Said Gregory, Maxwell’s thesis director and media arts instructor: “Although he can present with a rough exterior, Brian is truly a kind-hearted man. That became apparent when he told me about his work with a program he heads at the Rutherford County Correctional Work Center. I was impressed that he was donating his time, energy, and equipment, to teach prisoners how to create podcasts.
“It touched me because my girlfriend, who is a professor of English, has taught at medium security prisons, high security prisons, and even on death row, teaching prisoners the power of the written word. I am easily too big of a coward to go to most higher security prisons, especially death row.”
‘I’ll follow the breeze’
Maxwell has embraced every opportunity he has been presented at MTSU. In May, he took part in a weeklong interdisciplinary course known as the Institute of Leadership Excellence on campus. This fall, he was initiated into the Phi Kappa Phi Honor Society. He spoke at the Honors Buchanan Transfer student initiation ceremony and at the annual Honors Board of Visitors Luncheon in September.

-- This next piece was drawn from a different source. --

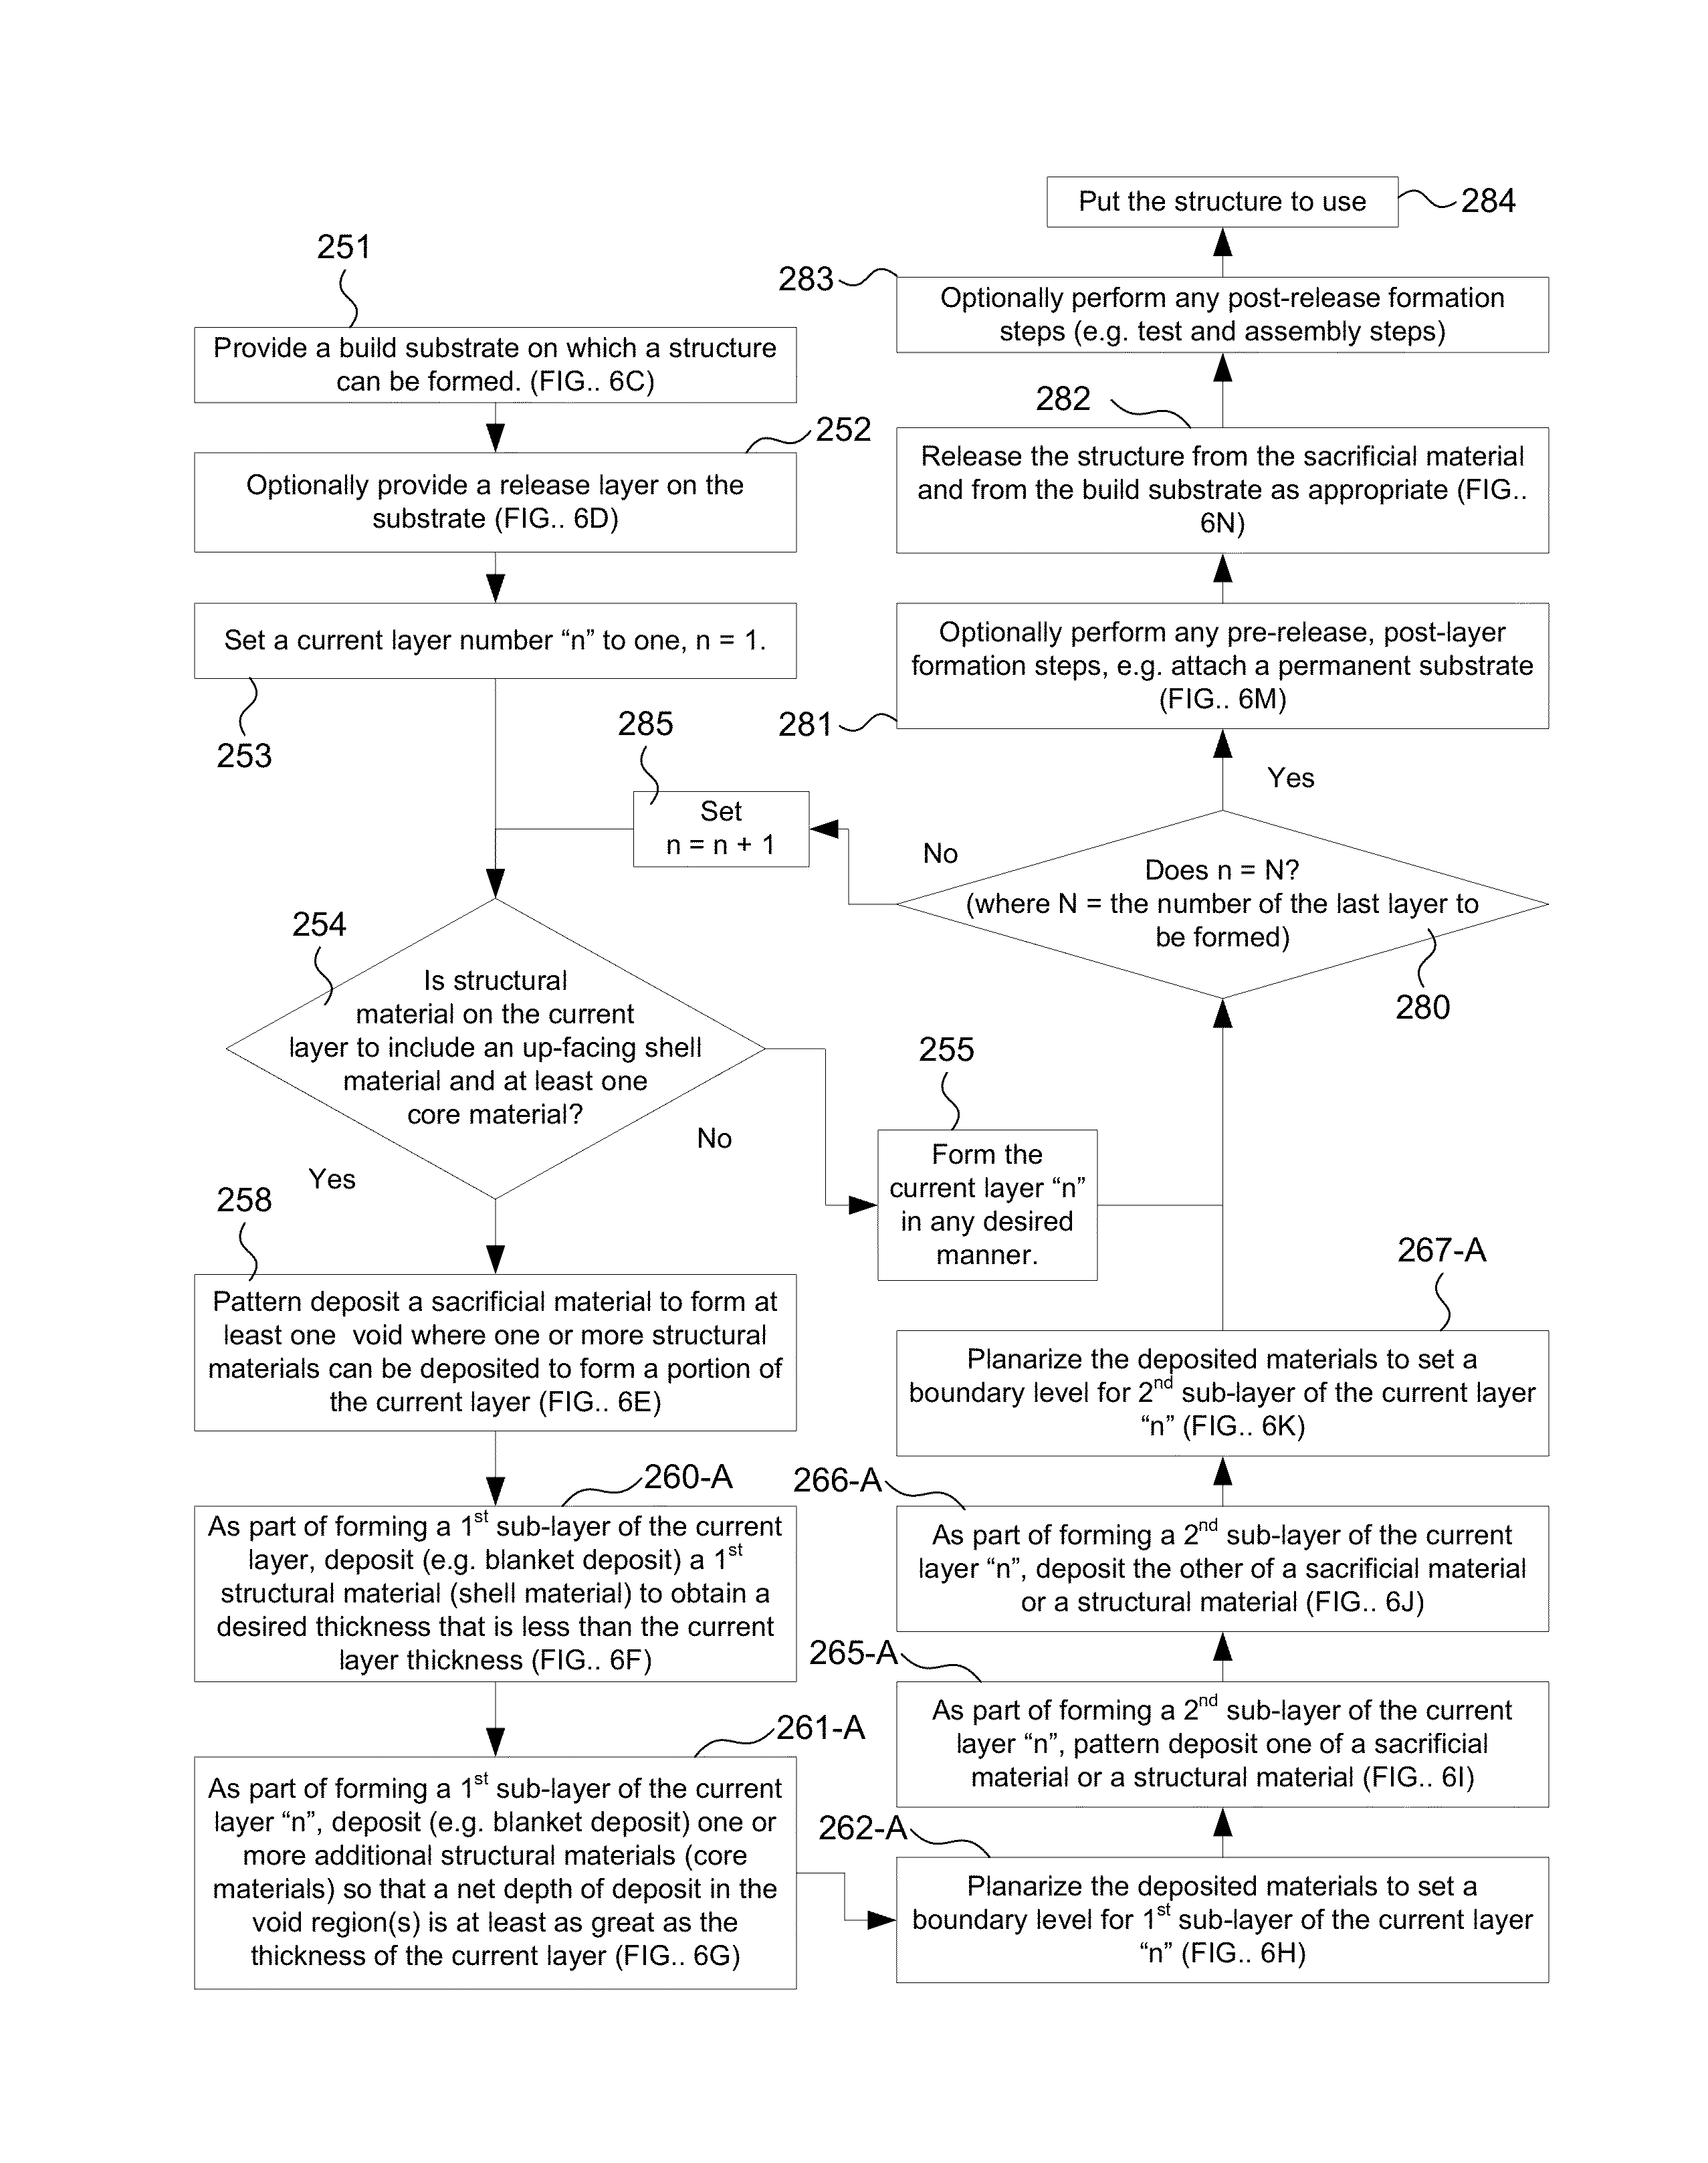 Multi-Layer, Multi-Material Micro-Scale and Millimeter-Scale Devices with Enhanced Electrical and/or Mechanical Properties

“We had several private conversations — I was going to say ‘hushed conversations’ but that isn’t Brian’s forte. He had no problem opening up to me about his past, the good and the bad. I shared with him some of my background and more than once our pasts shared striking similarities,” said Gregory. “It’s been fun working with Brian and now I’ll be teaching his son screenwriting this fall. So, to steal the name of his thesis, I will be an honored guest at Maxwell’s House.”
After graduation, Maxwell plans to start graduate school. He said he enjoys teaching and wants to pursue a master’s degree in filmmaking. Beyond that, he wants to keep making movies with his son, Mike.
“In a perfect world, we find funding and get to make a big budget Hollywood movie. I’m more of a live-in-the-moment and take-it-as-it-comes guy, so if the winds blow right, I’ll follow the breeze.”
Adding, with a smile, “I find love, admiration and success in everything I do now. I am a pillar of my community. I want everyone who feels like they are considered less than to see themselves as equal players in this game of life. I want everyone to know the happiness I do.”